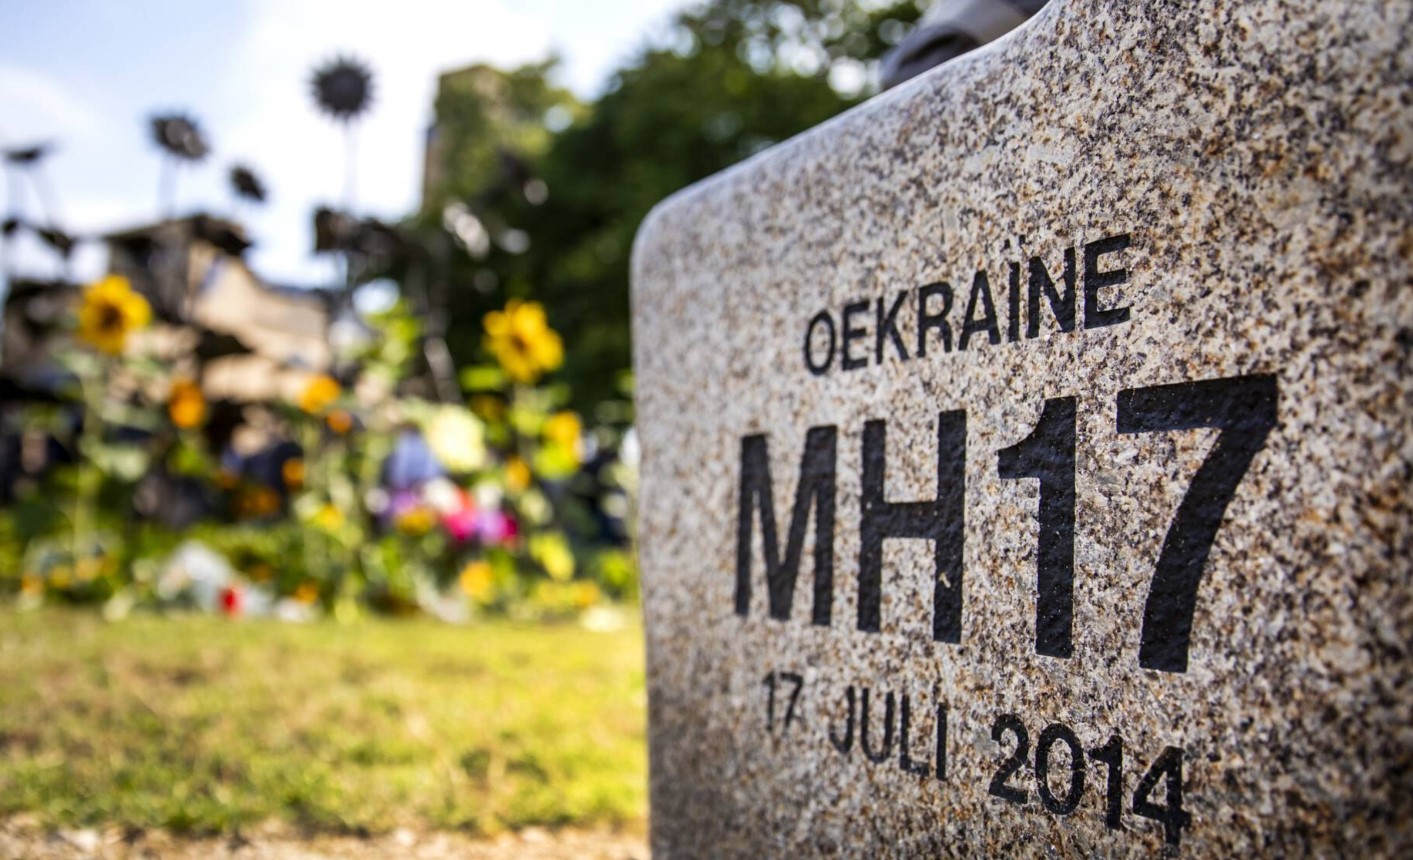 Посол Украины: Киеву нечего скрывать по делу MH17
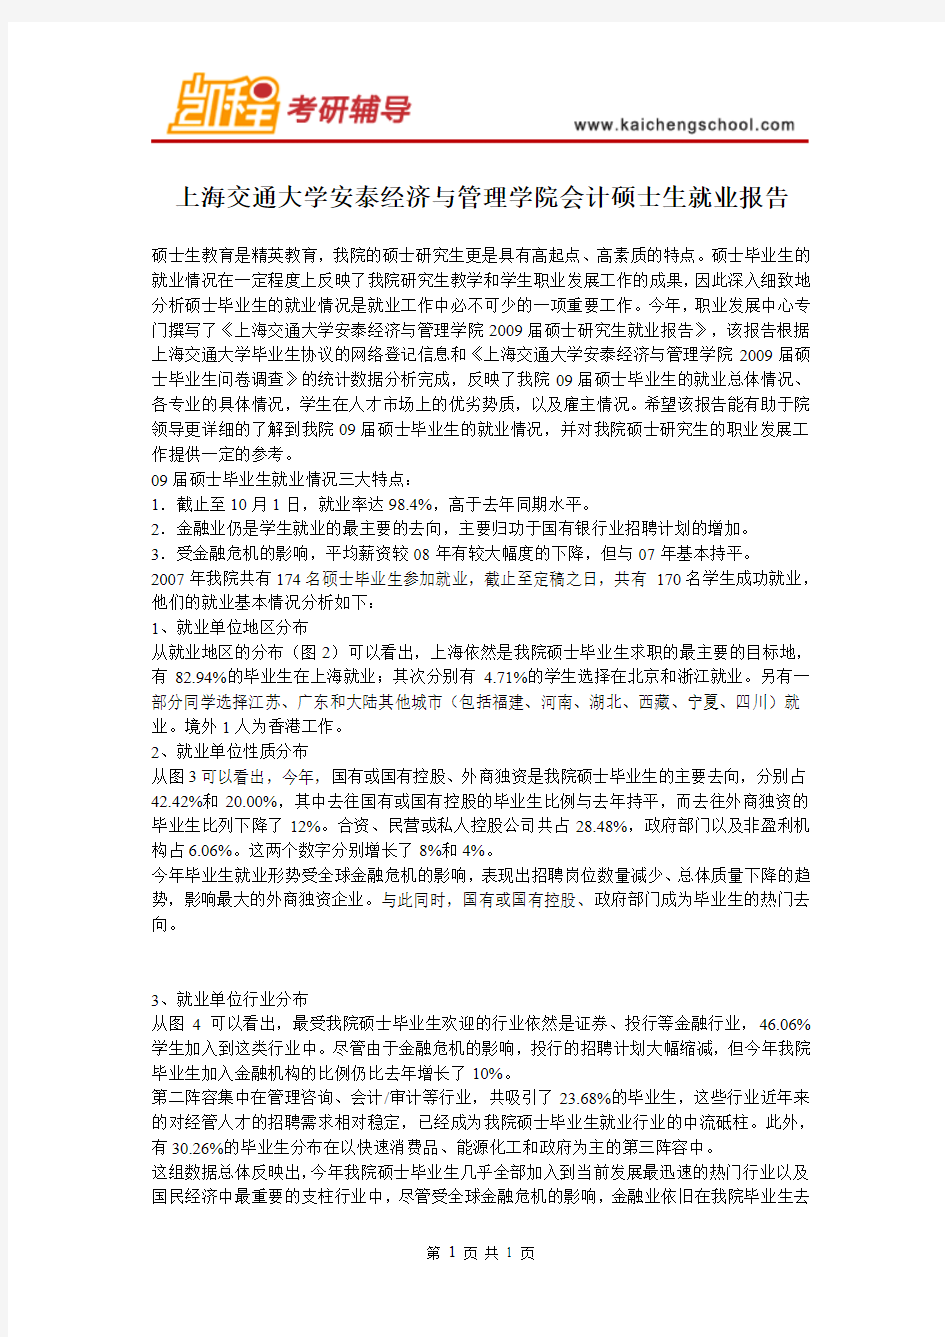 上海交通大学安泰经济与管理学院会计硕士生就业报告
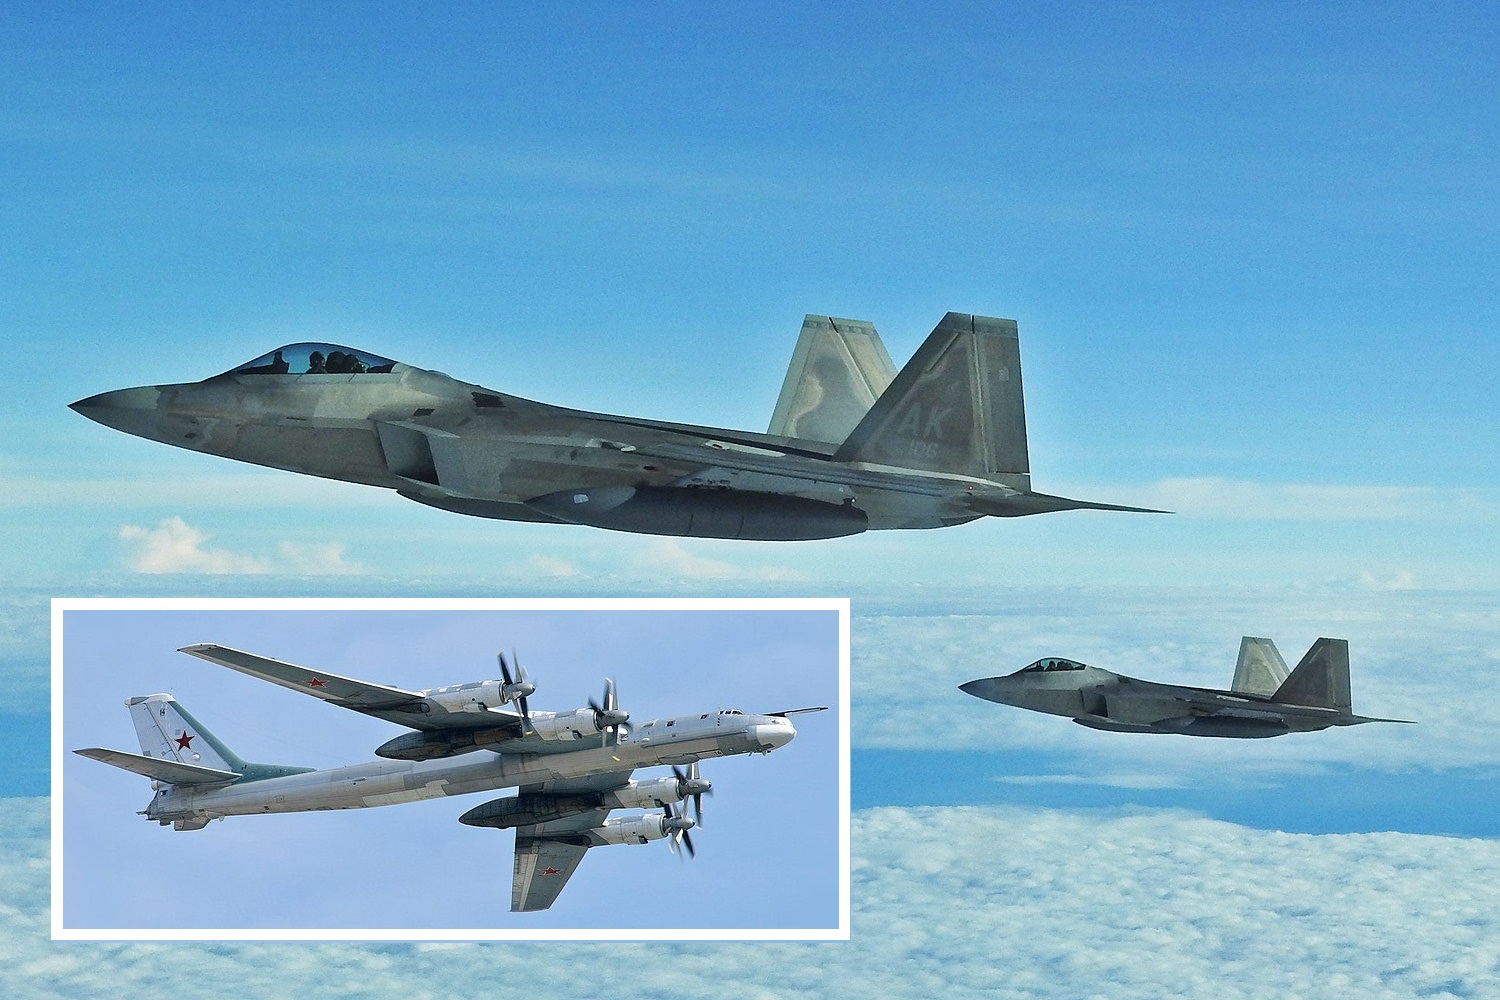 Des chasseurs F-22 de cinquième génération interceptent deux bombardiers nucléaires russes Tu-95 près de l'Alaska
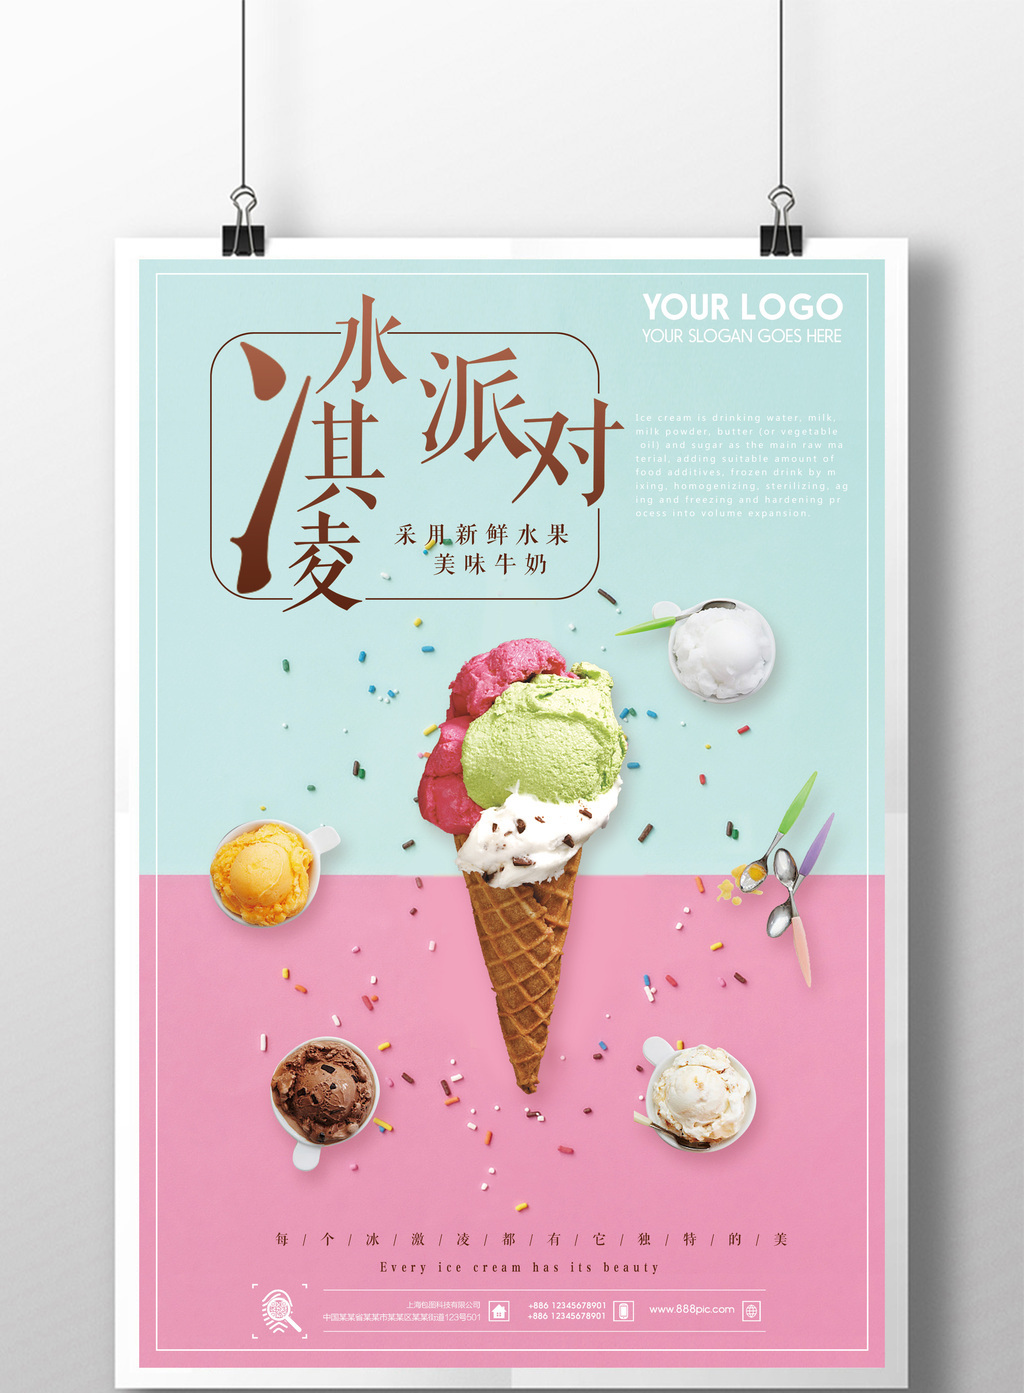 包图 广告设计 海报 > 小清新冷饮冰淇淋海报设计  上传时间2017-05
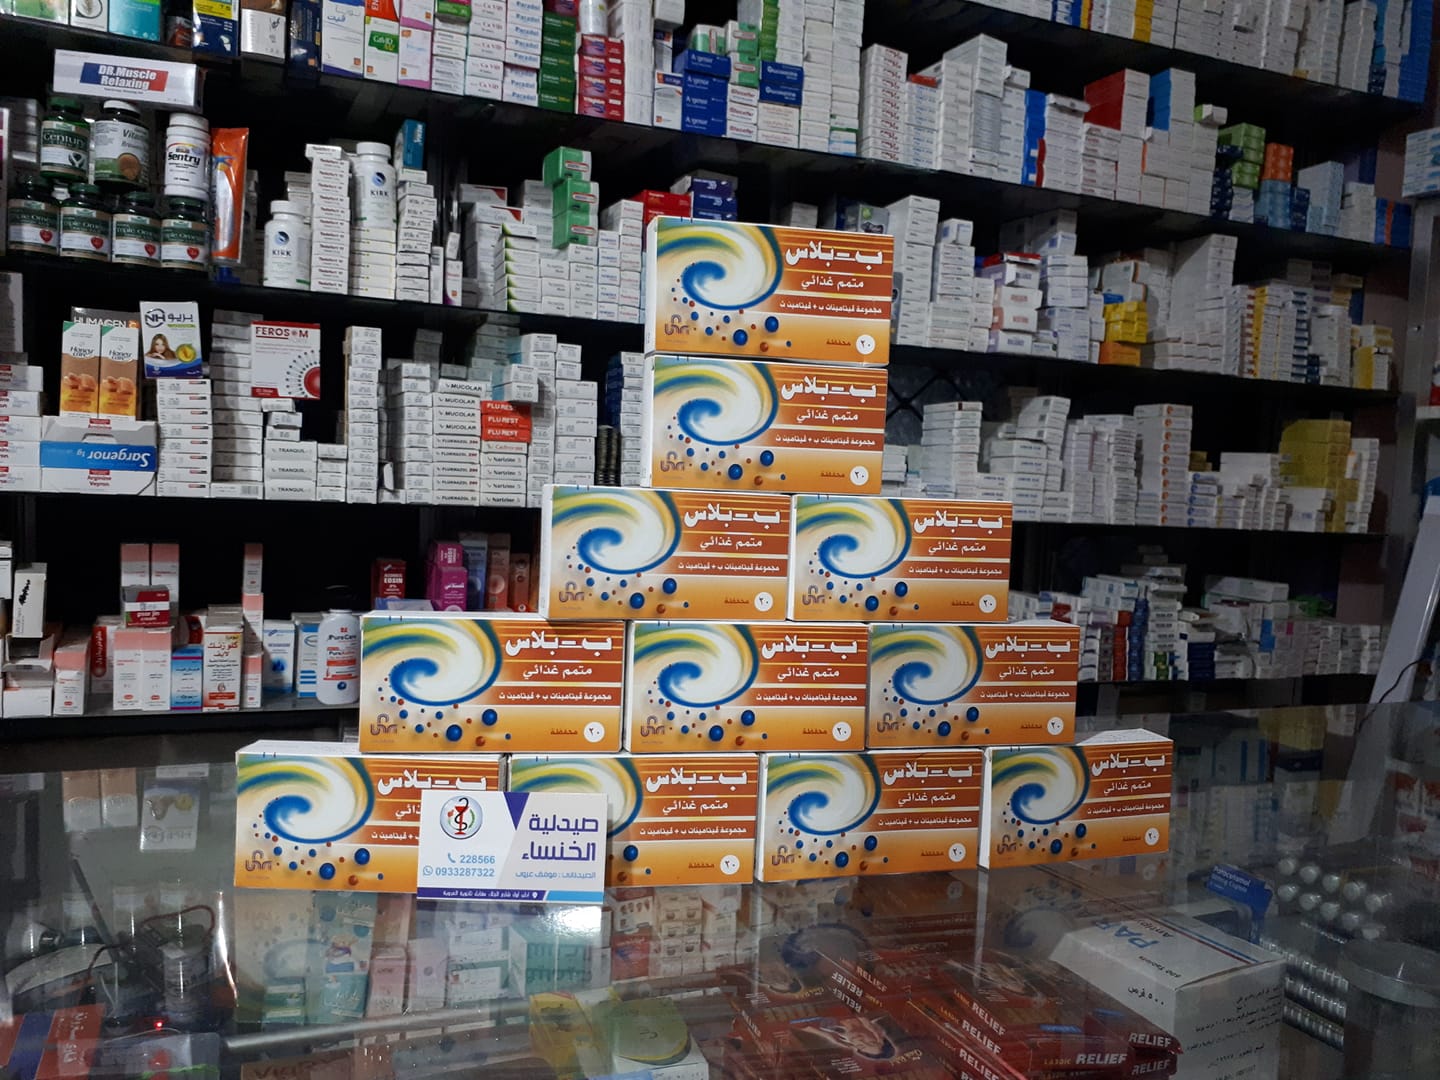 أعلنت وزارة الصحة في حكومة الإنقاذ عن تخفيض أسعار الأدوية السورية غير المصنعة محليًا.

- Activity -
Go from the first line of the listing to the line holding "包图 广告设计 海报 >" and, please, transcribe those lines exactly, both included, with no pictures.

- Solution for this problem -
 Посол Украины: Киеву нечего скрывать по делу MH17
 上海交通大学安泰经济与管理学院会计硕士生就业报告
 Des chasseurs F-22 de cinquième génération interceptent deux bombardiers nucléaires russes Tu-95 près de l'Alaska
 包图 广告设计 海报 > 小清新冷饮冰淇淋海报设计  上传时间2017-05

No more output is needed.